Once the tests results are back your FMP will schedule up to 3 hours of time to thoroughly discuss a plan of action. You will walk out of the office feeling drained (admittedly of money as well as emotions) but positive. Someone has listened to you, taken action and hope reigns anew. In the case of these two women in the study I read they had both suffered for years with paralyzing pain, dizziness and anxiety. They both were on some of the strongest pain meds you can take and neither one got relief without increasing the strength or adding this pill or that pill and those just exacerbated other issues. When they finally found a FMP and followed through with recommended tests they found that they were both taking zero pharmaceutical products, their pain was gone and their future rosy. Just in case you are interested, one had undiagnosed autoimmune thyroiditis and the other had a bacteria that was harbored in the mucosal lining of her intestinal tract. Both patients were treated in very different ways despite having the same issue of fibromyalgia and both had successful outcomes.

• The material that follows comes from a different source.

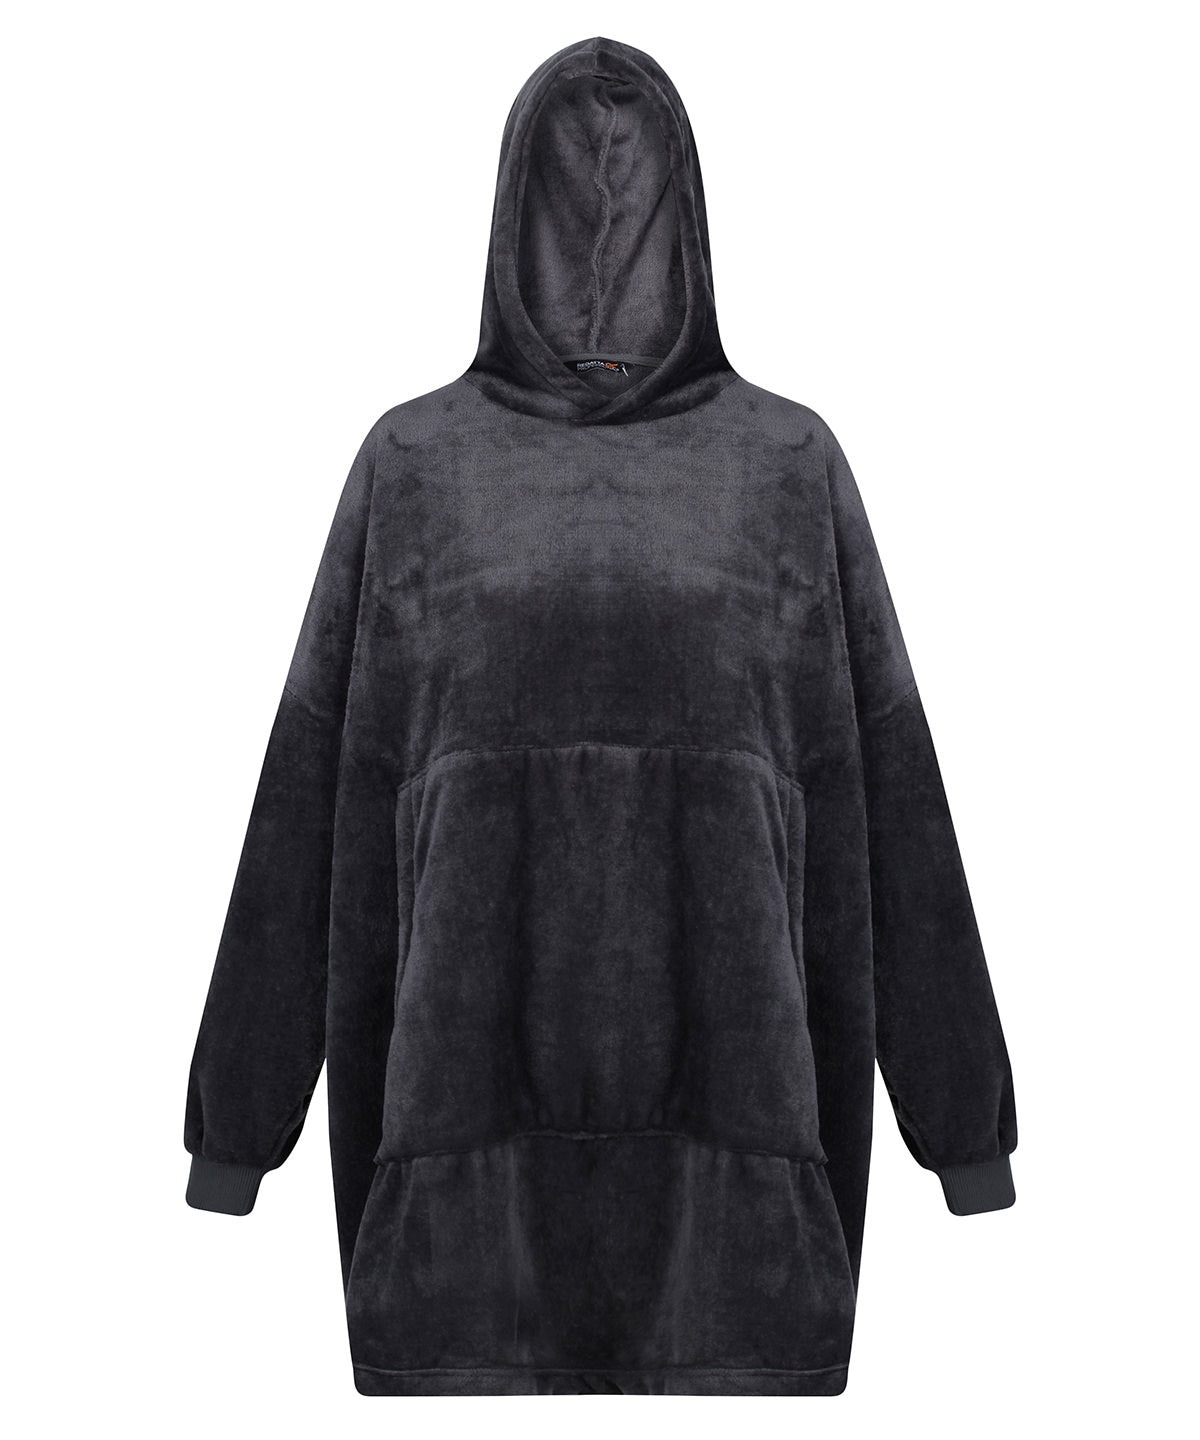 Hettupeysur - Snuggler Oversized Fleece Hoodie

When considering this recommendation remember I am a lay person just like you, I am not a doctor. I have health concerns much the same as you do and I see a FMP because he was the only one who understood that I understood and would listen to me and work with me. He was never threatening or condescending and I can honestly say I have never seen his fingers touch a door knob for anything except to keep  our discussion private and to allow me to leave when I feel all questions have been addressed.